# Southern Tide Polos



## nolan50410 (Dec 5, 2006)

I just recently picked up a Southern Tide polo and can now say it truly is the best polo out there. It is cut perfectly; not slim and by no means baggy. The fabric has 4% stretch in it, so it doesn't shrink in the dryer. The colors are bright and vibrant. It really is a superb polo shirt. Hopefully you guys will get past the fish logo and try one on. I guarantee you will be impressed.

On a side note, I bought mine while on business in Dallas at a remarkable store called Culwell & Son. I'm sure all of the Dallas members are very familiar with the store. It is like going back in time, complete with a groom shop for haircuts and straight razor shaves. I will definitely make it a must-stop any time I make it to the Big D.


----------



## Memphis88 (Sep 10, 2008)

The store sounds awesome. I'd love a place like that in Memphis. I've really been wanting to find a place to get a straight razor shave lately. I have seen the Southern Tide polos before and they look to be pretty good stuff.


----------



## eagle2250 (Mar 24, 2006)

Are the Southern Tide Polos sold by any online retailers?
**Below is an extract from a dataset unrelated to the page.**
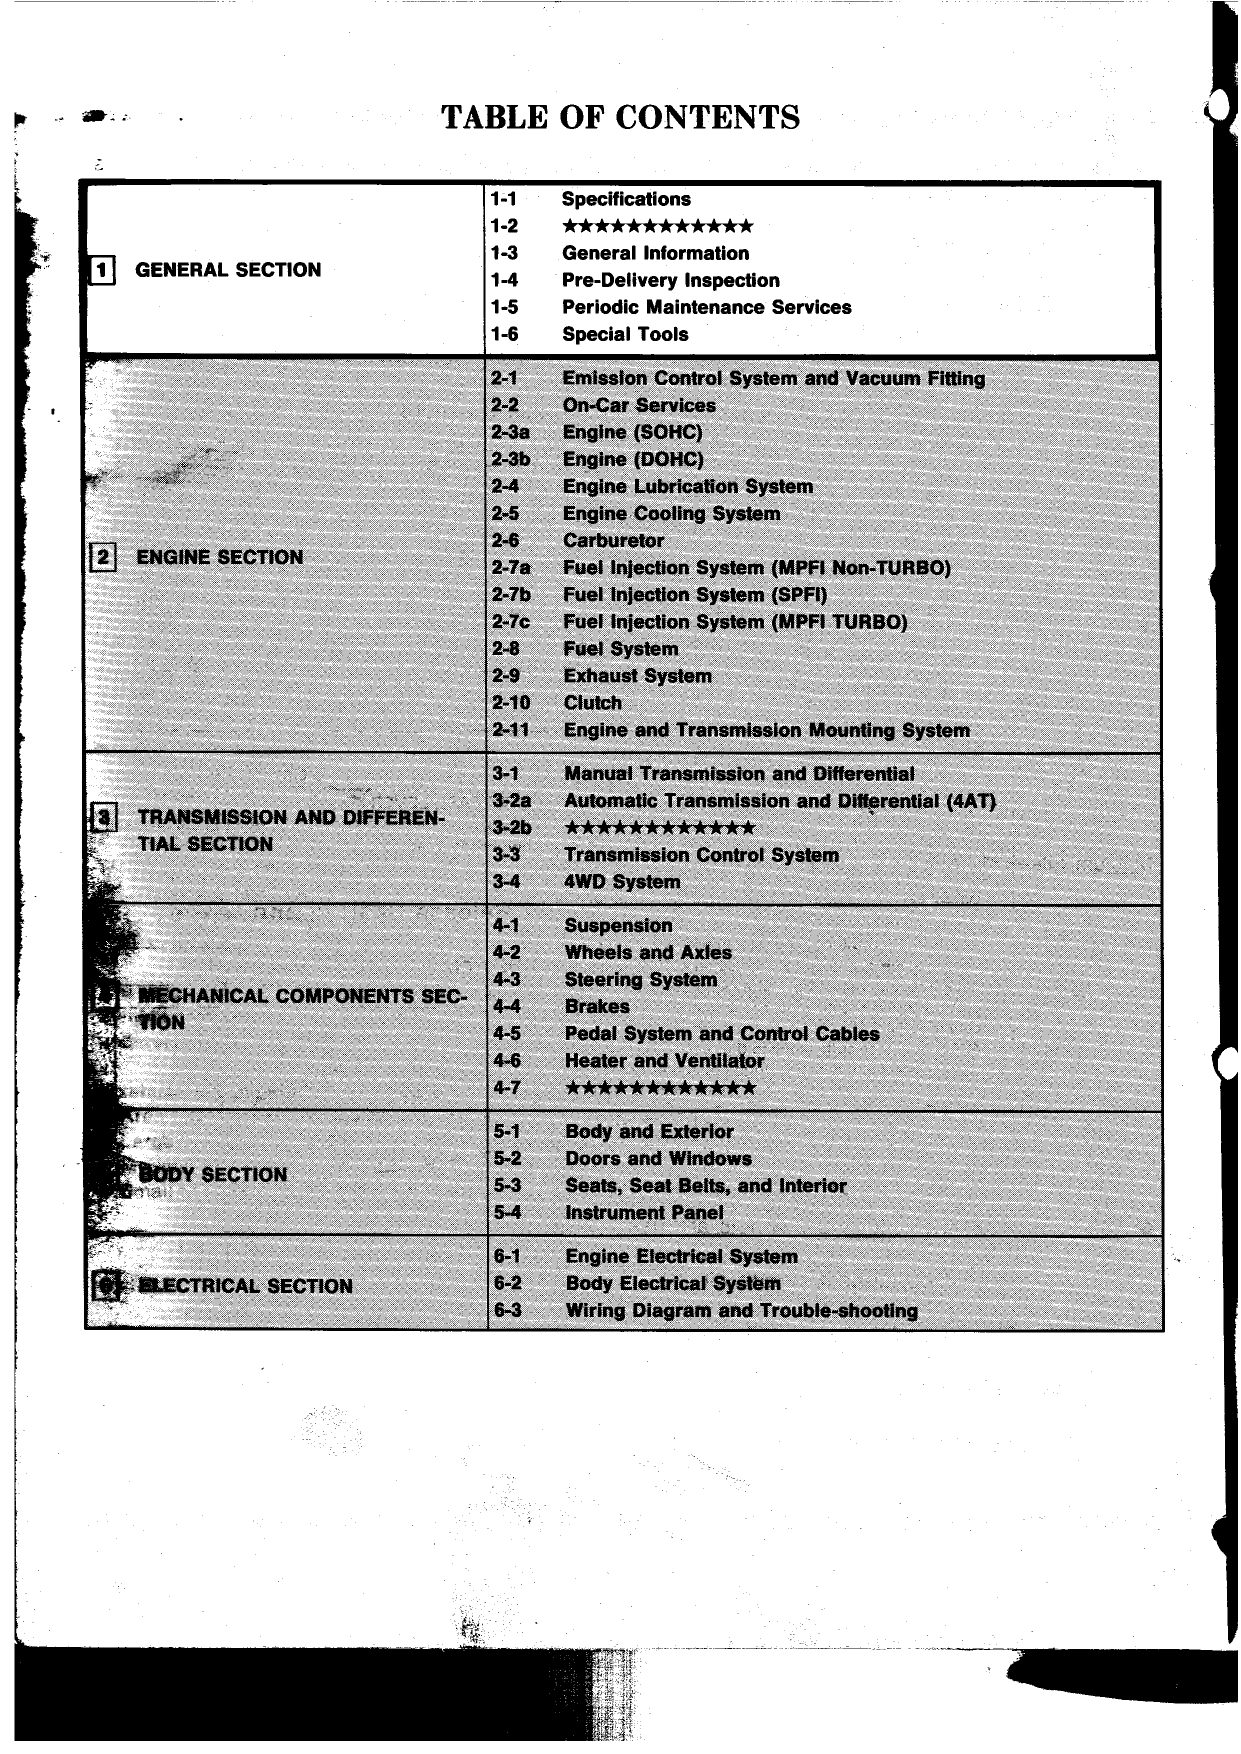 1992 Subaru Legacy service manual Preview image 5

That would be helpful for those of us not living in or travelling to Dallas.


----------



## agent86 (Feb 7, 2009)

Memphis88 said:


> The store sounds awesome. I'd love a place like that in Memphis. I've really been wanting to find a place to get a straight razor shave lately. I have seen the Southern Tide polos before and they look to be pretty good stuff.


I'm sorry to derail this thread, but I'm a lurker and I registered to reply to your original post, but my registration didn't get processed until it was gone.

Call Stage Road Barbershop in Bartlett, (901) 382-4864.

They are pretty chinsy but may be able to do a straight razor shave. They use straight razors for neck hair on all standard mens haircuts there. But I would call ahead because I would guess that not all of their barbers can do a full straight razor shave. I doubt you would get the hot towel treatment that you would get at a place like Truefitt and Hill or The Art of Shaving though.

I have found this is the best place outside of a salon/spa to get a haircuit in Memphis. It is less than ideal but at least they know what I'm saying when I say "short ivy league" and it definitely costs less than going to a salon (I used to go to Juve, and it's a great place but $$$).


----------



## nolan50410 (Dec 5, 2006)

Eagle

The polos are sold online at their website.

www.southerntide.com

You could see if you have a retailer close to you, but I doubt they are real big in the Midwest right now. Another interesting fact, when you order a polo online, they give a credit to the participating retailer closest to your zip code. So for instance, if I order a polo online, Southern Tide gives a credit to Oak Hall in Memphis, my closest ST retailer. Oak Hall gets a sale on a $69 polo shirt without doing a thing. Pretty neat program.


----------



## eagle2250 (Mar 24, 2006)

Nolan50410: Thanks for the lead! As it turns out, they have a retailer, The Schoolhouse Shop, in Chesterton, IN, located less than eight miles from my front door! I'm definitely going to check out what they have on hand. Should that not work out, I'll order a shirt or two online and The Schoolhouse Shop will get the credit. Thanks again.


----------



## RobertAllen (Nov 11, 2008)

Memphis88 said:


> The store sounds awesome. I'd love a place like that in Memphis. I've really been wanting to find a place to get a straight razor shave lately. I have seen the Southern Tide polos before and they look to be pretty good stuff.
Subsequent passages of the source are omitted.